Proviso to Section 92 and 95 of Indian Evidence Act applicable only when terms of document leave the question in doubt: Supreme Court

When the terms of the contract is clear and straightforward there is no necessity for looking into the extrinsic evidence, when doing so will only vitiate the legal interpretation. This judgment was passed in the case of Mangala Waman Kaeandikar (D) TR. LRS. Vs. Prakash Damodar Ranade [C. A. No. 10827/2010] by a Double Bench consisting of Hon’ble The Chief Justice and Hon’ble Shri Justice Surya Kant.

The present arose based on a contract between the Appellant and the Respondent. Before the appellant’s husband passed away he was running business in the name of “Karandikar Brothers” and after his death appellant ran the business. When she was not able to do the same after sometime she let the respondent take care of it. Later they entered into a contract which was being extended from time to time. In the year 1980 she served a notice to the respondent to vacate the premises by 31.01.1981. The respondent claimed that the contract was a rent agreement in strict sense. Aggrieved by the same the appellant filed a civil suit before the court of Joint Civil Judge.
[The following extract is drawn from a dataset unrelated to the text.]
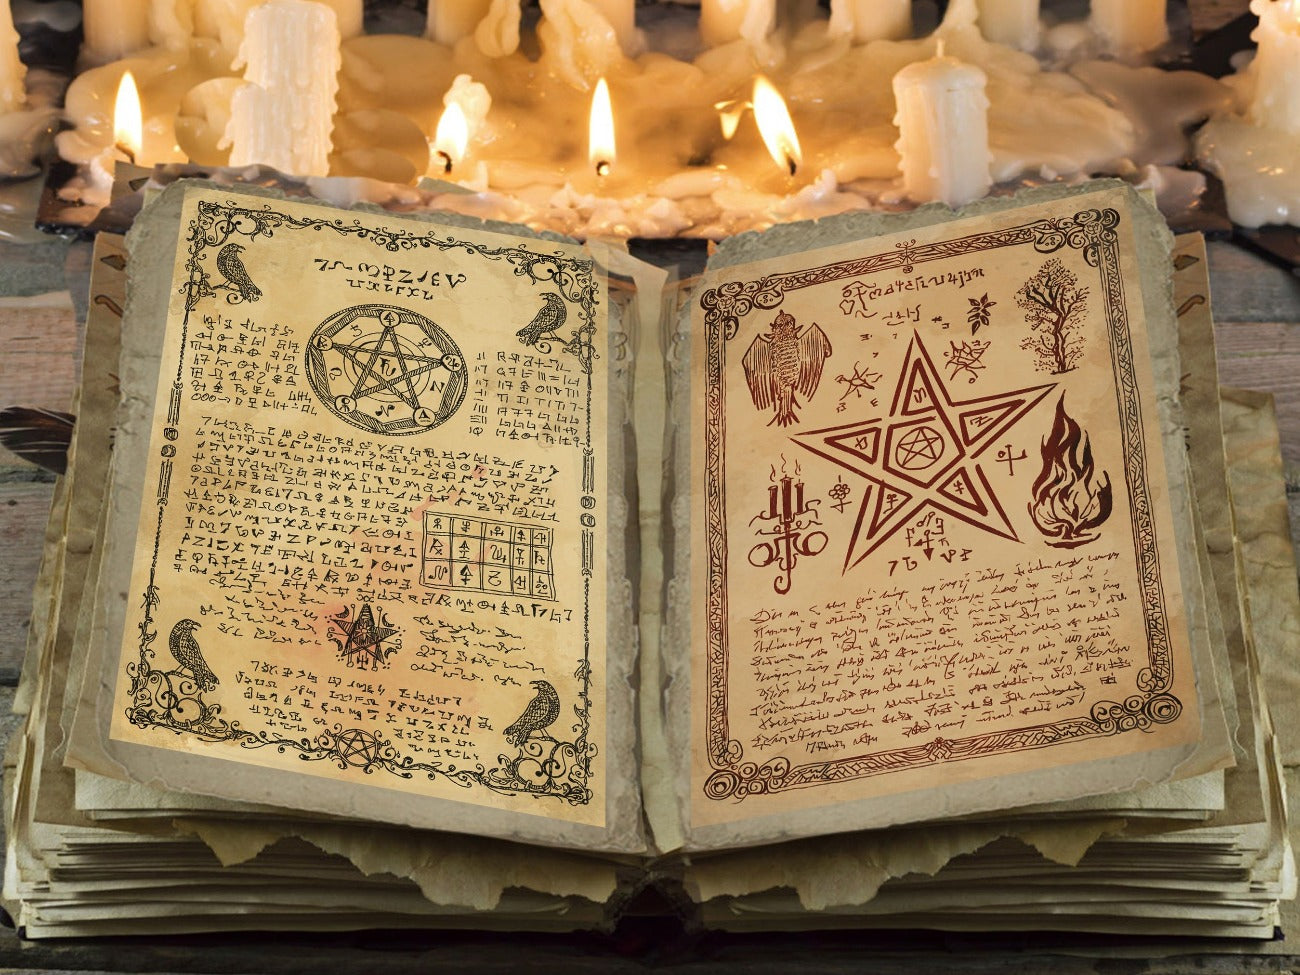 MYSTIC OCCULT, Digital Gothic Pages, show placed in an ancient witchcraft grimoire - Morgana Magick Spell
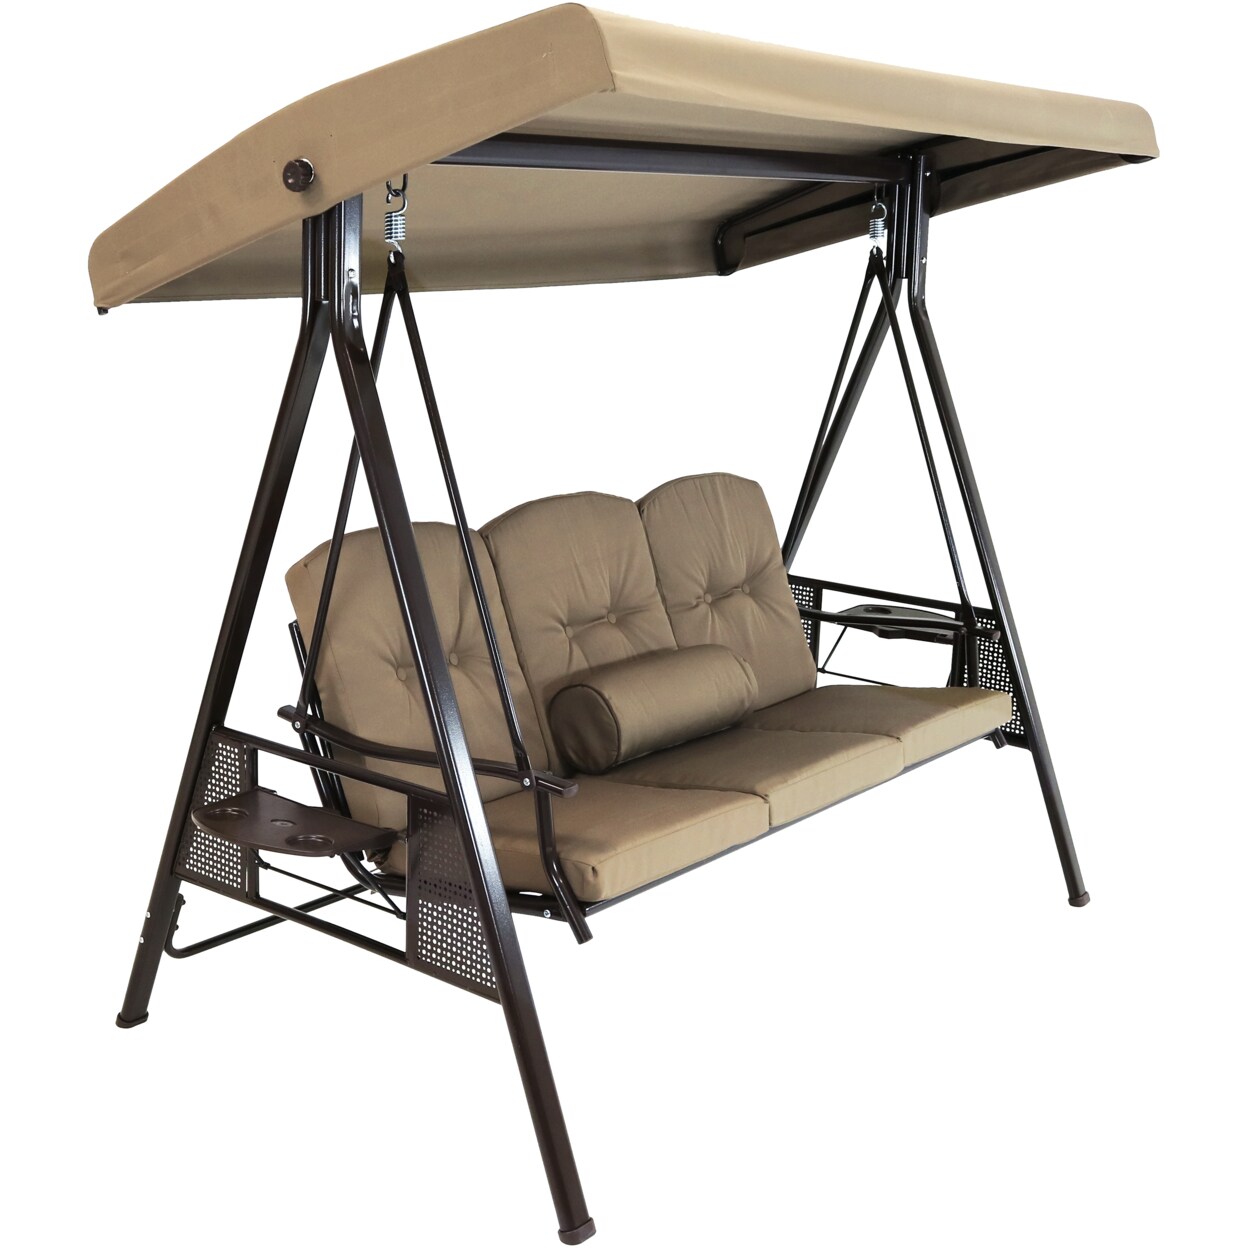 Sunnydaze   3-Person Steel Patio Swing Bench with Side Tables/Canopy - Beige

The trial court gave a judgment in favour of the appellant and held that the agreement was to create a sale of business. The trial Court ordered the respondent to hand over the suit property to appellant. On Appeal before the High Court of Bombay, it was held that the respondent entered into a license agreement under section 15A of the Bombay Rent Act. The appellant thus preferred an appeal before the Supreme Court. The appellant contended that the order of High Court erred in appreciating the language of contract. The Respondents supported the judgments and contended that there is a presence of extrinsic evidence to prove that contract was a license to use the shop.

After hearing both the parties, the Hon’ble Supreme Court opined that the contractual interpretation depends on the intentions expressed by the parties and bringing out the true meaning is the iterative process for the courts. While dredging out the intention of the parties it held that there was a clear transfer of business from the appellant to the respondent and it was meant neither as lease nor as a license. As per section 92 and 95 of the Indian evidence act, only in cases where the terms of document cause a doubt will one resort to the proviso. In cases where it is simple and clear the proviso would not apply.

Relying on the case of Rohitash Kumar vs. Om Prakash Sharma [2013 11 SCC 451], the court held that if the interpretation of the High court is taken, then there would violate the basic tenants of legal interpretation and enlarge the scope of proviso beyond section. Further it held that section 92 explicitly prohibits any oral evidence which would contradict, vary, add to or subtract the terms. It also went on to hold that the ambit of section 95 is not appreciated by the High Court, by which the court only appreciated the evidence which amounts to the breach of contract and not the ambiguous language of the contract.

Based on the above observations the Hon’ble Supreme Court held that, “the impugned order of the High Court cannot be sustained and is accordingly set aside. The decree of the trial court is restored.”